I figured __init__.py coudl take its own __path__ and walk the directory to
find all .py files other than __init__.py, but that seemed hackish. Is
there an "official" way to do this? Or a better way?

To give "context:" all the modules will have classes that have the same
name, same methods etc. One of the modules will be picked depending on
which implementation is needed.

Thanks!

j

I think you need to research how to create documentation. When I
import a module/package, I can then type help(moduleName) and it'll
give me the module or package's contents.

http://mail.python.org/pipermail/python-list/2003-February/192069.html

You may be able to figure out how to do this just be studying the
"help" module itself.

Mike
 
J

Joshua J. Kugler

I think you need to research how to create documentation. When I
import a module/package, I can then type help(moduleName) and it'll
give me the module or package's contents.

http://mail.python.org/pipermail/python-list/2003-February/192069.html

You may be able to figure out how to do this just be studying the
"help" module itself.

Mike

Well, it seems the "help" module is a built in, and has no .py file
anywhere. The epydoc package uses the imports.file_modules(dirname)
function, which just walks the directory tree. Thanks for the
pointer...just confirmed that I have to do something I wanted to avoid.
But I guess if I use Python's os module and the __path__ string, it should
still be nicely portable. It just seems that since Python is gathering
that information anyway, it should make it available without me having to
walk the directory tree.

j
 
A

Alex Martelli

Joshua J. Kugler said:
still be nicely portable. It just seems that since Python is gathering
that information anyway, it should make it available without me having to
walk the directory tree.

Sorry, where is Python "gathering that information anyway"? Unless I'm
mistaken, Python by default does not walk directory trees of subpackages
-- what makes you think it does?


Alex
 
J

Joshua J. Kugler

Sorry, where is Python "gathering that information anyway"? Unless I'm
mistaken, Python by default does not walk directory trees of subpackages
-- what makes you think it does?

Hmm...right: dynamic language, runtime binding. It would go out and find
whether or not Module1.Module2 existed only when import was called. Sorry,
my bad. I am assuming, however, that the help function walks the directory
tree, or else I would not get output like this:
Help on package ModTest:

NAME
ModTest

FILE
/usr/local/lib/python2.4/site-packages/ModTest/__init__.py

PACKAGE CONTENTS
AModule
BModule
CModule

Thanks for the clarification.

j
 
A

Alex Martelli

Joshua J. Kugler said:
Hmm...right: dynamic language, runtime binding. It would go out and find
whether or not Module1.Module2 existed only when import was called. Sorry,
my bad. I am assuming, however, that the help function walks the directory
tree, or else I would not get output like this:

Help on package ModTest:

NAME
ModTest

FILE
/usr/local/lib/python2.4/site-packages/ModTest/__init__.py

PACKAGE CONTENTS
AModule
BModule
CModule

Thanks for the clarification.

Sure, pydoc (which help calls under the code) does that, with a nice mix
of inspect, os, and pkgutil.iter_modules calls. pkgutil.iter_modules
may in fact be most of what you need:
Help on function iter_modules in module pkgutil:

iter_modules(path=None, prefix='')
Yields (module_loader, name, ispkg) for all submodules on path,
or, if path is None, all top-level modules on sys.path.

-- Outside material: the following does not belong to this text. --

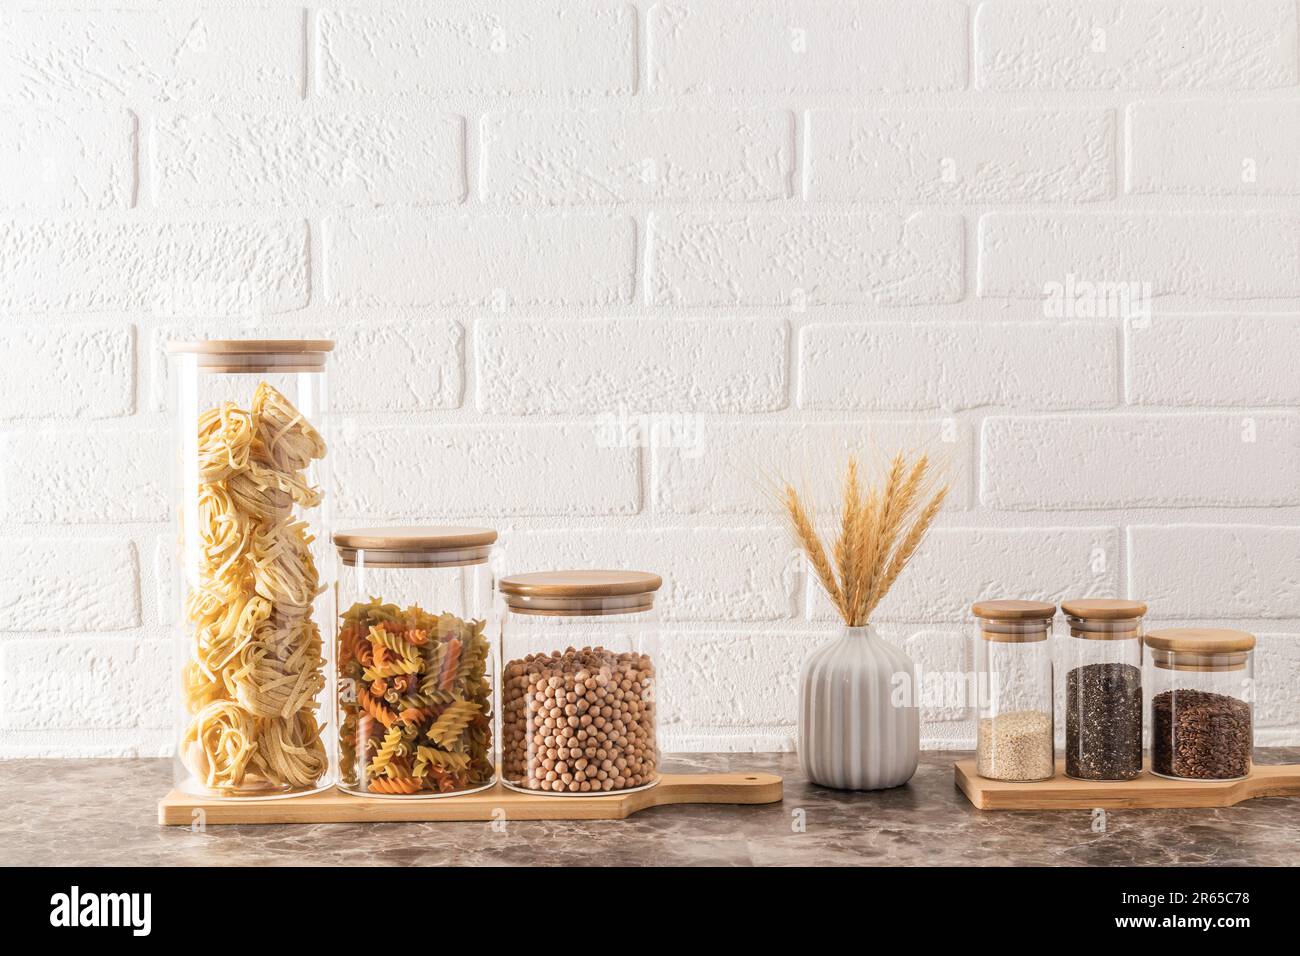 https://c8.alamy.com/comp/2R65C78/compact-stylish-storage-of-bulk-products-in-glass-jars-with-bamboo-lids-front-view-white-brick-wall-kitchen-background-2R65C78.jpg
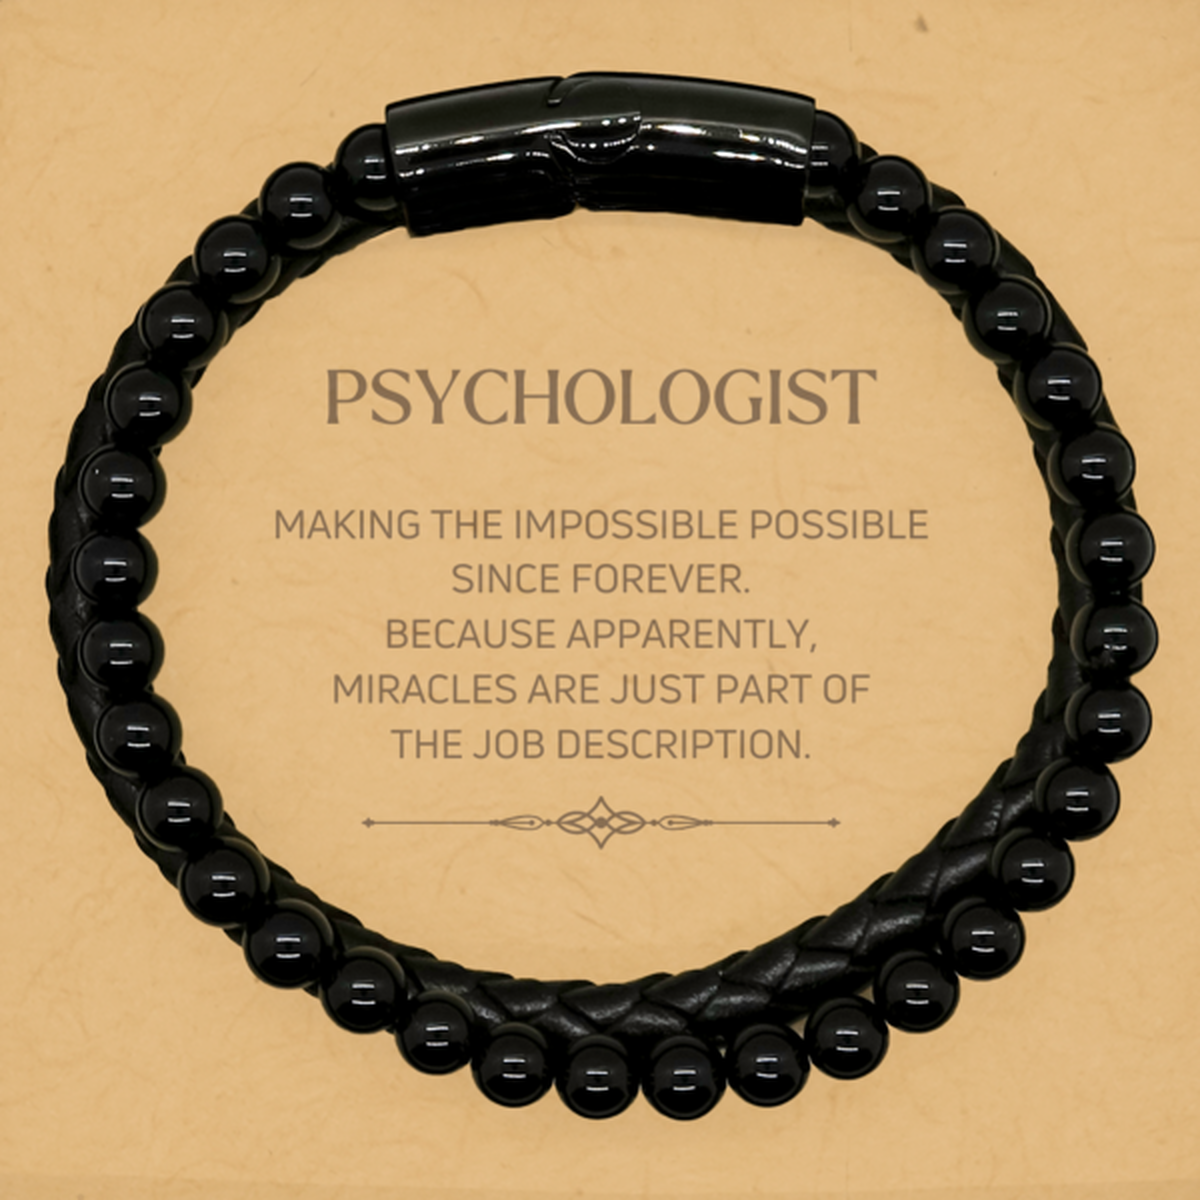 Funny Psychologist Gifts, Miracles are just part of the job description, Inspirational Birthday Stone Leather Bracelets For Psychologist, Men, Women, Coworkers, Friends, Boss

'path' should be either None or a list of paths to look for
modules in.

'prefix' is a string to output on the front of every module name
on output.

You will still have to call it recursively, though, I believe.


Alex
 
J

Joshua J. Kugler

Sure, pydoc (which help calls under the code) does that, with a nice mix
of inspect, os, and pkgutil.iter_modules calls. pkgutil.iter_modules
may in fact be most of what you need:

Help on function iter_modules in module pkgutil:

iter_modules(path=None, prefix='')
Yields (module_loader, name, ispkg) for all submodules on path,
or, if path is None, all top-level modules on sys.path.

'path' should be either None or a list of paths to look for
modules in.

'prefix' is a string to output on the front of every module name
on output.

OK, that looks nice...but what version of Python is that?
http://docs.python.org/lib/module-pkgutil.html only shows one function (and
that's 2.5) and my python 2.4 installation is similarly lacking an
iter_modules() function for the pkgutil module. Is this a 2.6 thing?

Suppose I could just copy the code from here:
http://mail.python.org/pipermail/python-checkins/2006-April/051452.html and
add it to my module. :)

Thanks for the pointer!

j
 
R

Robert Kern

Joshua said:
OK, that looks nice...but what version of Python is that?
http://docs.python.org/lib/module-pkgutil.html only shows one function (and
that's 2.5) and my python 2.4 installation is similarly lacking an
iter_modules() function for the pkgutil module. Is this a 2.6 thing?

No, 2.5. The documentation is not up to date. Read the source.

--
Robert Kern

"I have come to believe that the whole world is an enigma, a harmless enigma
that is made terrible by our own mad attempt to interpret it as though it had
an underlying truth."
-- Umberto Eco
 
J

Joshua J. Kugler

No, 2.5. The documentation is not up to date. Read the source.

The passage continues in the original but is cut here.